Humble Crumble
Writing about our visits to the leprosy colonies and the leprosy street projects is tricky. How to not sound all humble bumble with the good works of going round visiting and trying to find out all the ways in which folk need help. I imagine it was a trial for Mother Teresa.... When we were reviewing and editing all the video footage that was to go into the final cut of a short film, there was classic minute of me sitting hunkered down on the ground talking with an elderly lady. Our hands are entwined. Her fingers are bent and her skin broken and bleeding but my diamond rings are flashing rainbow-like on my first world white hands. It was cringing to see - I clearly asked not to be in any footage but here I am gleaming with my jewels....
Trying to avoid endless video camera closeups aside, these visits made a massive impression on us and are the highlights of our trips each year. Such is the stigma and ignorance and fear still surrounding leprosy in India that anyone with the disease has to live apart from the general population. Small clusters of homes, designated as colonies where lepers may live, are dotted around the outskirts of the city. Some miles away, some hidden behind prehistoric boulders in the scrubby foothills and some now finding themselves closer to the city than solid citizens want as Hyderabad grows and sprawls.

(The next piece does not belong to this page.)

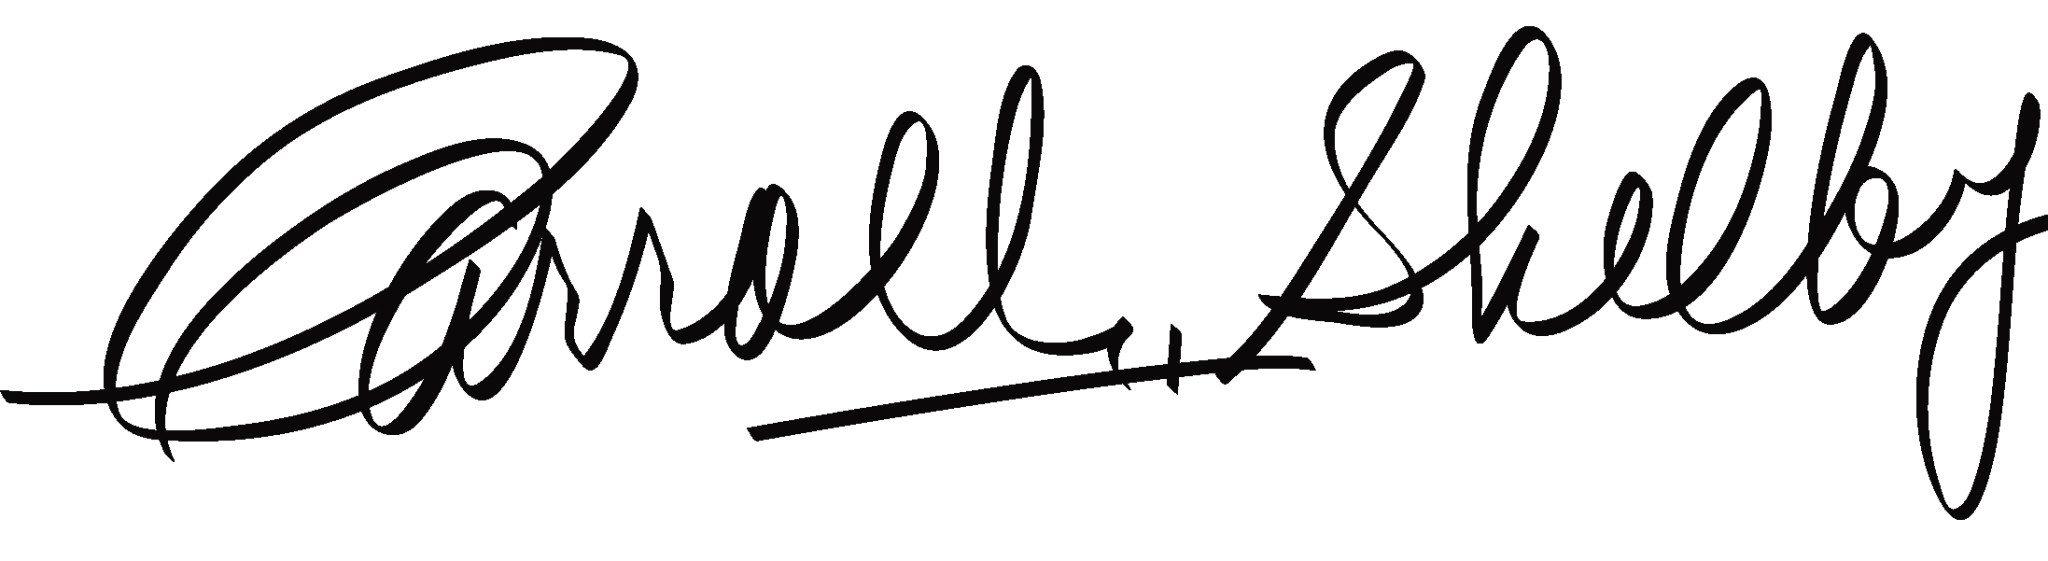 Carroll Shelby Signature
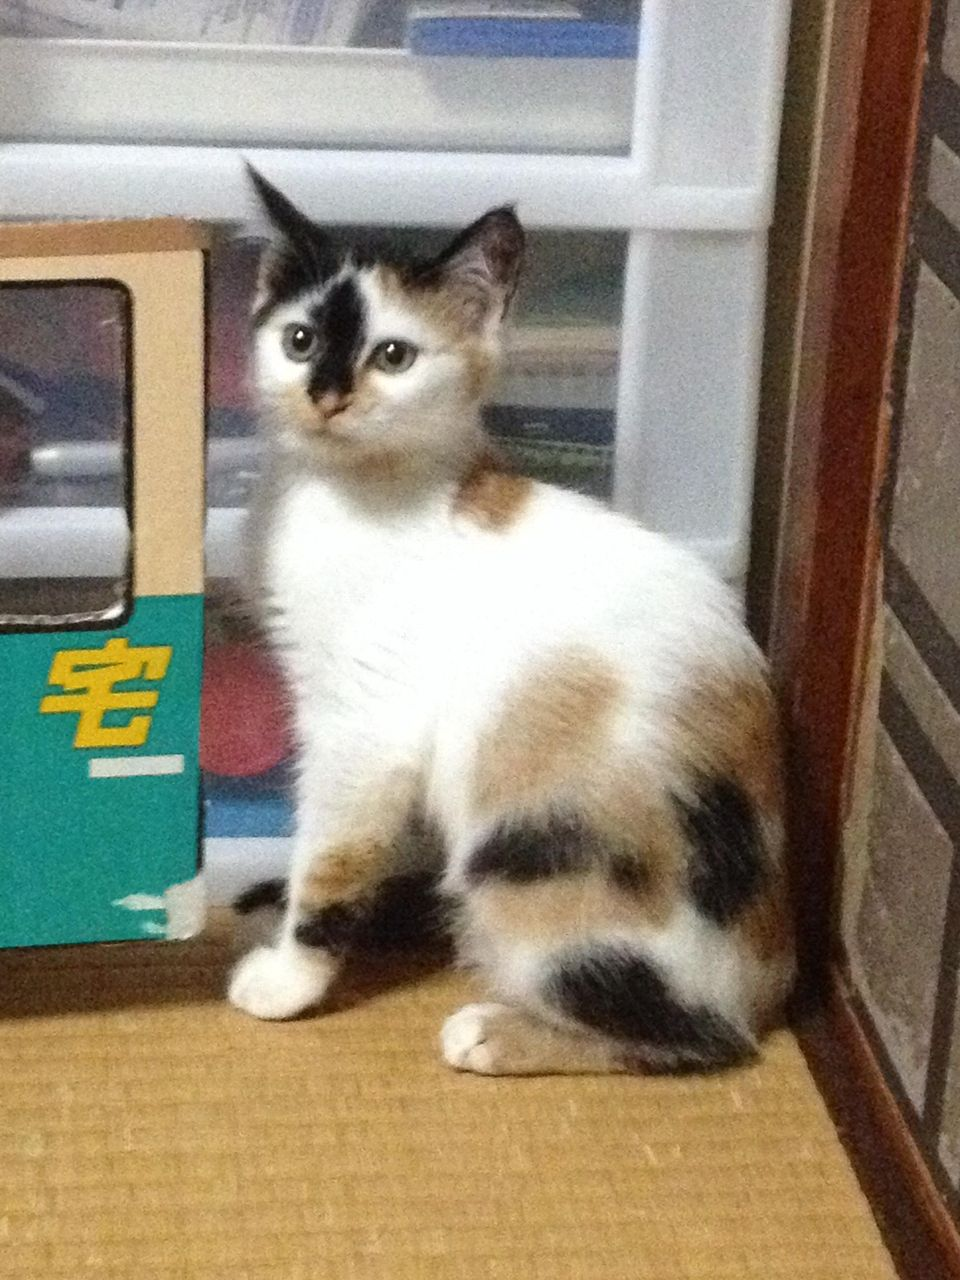 http://livedoor.blogimg.jp/akan2ch/imgs/b/f/bf6be327.jpg

The first surprise was how clean everything was. Streets in both the city and the smaller suburban towns are choked with garbage, are decrepit and smell rank. Here in the public colony in Nalgonda the pavements were clear, the houses and small gardens immaculate and the pervading smell was of fresh laundry drying under shady trees outside the rows of homes. Clean and bright with flowers and small children playing on the dusty sidewalks.
Inside the homes was a different story. The houses were built by the government more than 40 years ago and are now crumbling and rotting. The colony residents do their best to make do and mend but the concrete is falling in chunks from the ceiling and the water which floods each year from the nearby stream, destroys a little bit more of the fabric each monsoon season. The dampness and mould add another unhappy layer to an already burdened life. The river which is the boundary of the colony is not under their control and is a grim sludge that makes you feel unwell looking at it. Children playing fall in it, horrible illnesses ensue.
WCF is expanding the scope of its help from medicines and food to the targeted re-roofing of homes and the provision of cement and building materials. We saw this trip how the materials WCF funds had purchased have been used - sturdy new roofs, protection for the most vulnerable. We were moved to tears by the thankfulness of one family who at last have a dry home. Aaron, The Hyderabad ecclesial secretary, is co-ordinating all the work and knows who and what to prioritise. His love and care for the folk is clear.
Another important connection to make for WCF donors is that the colony at Nalgonda is the big link to the church in Hyderabad. The children of these lepers are the children at the Shunem Home. We hadn't fully realised that. It reinforced the worth of Shunem in opening up a new world of possibilities to 120 children now, and countless before them, whose parents are shut in by the bands of fear and loathing by the people around them. Opportunities for the children to flourish that were never dreamed of by their parents. “They will thrive like well-watered grass, like willows by streams of running water” Isaiah 44:4.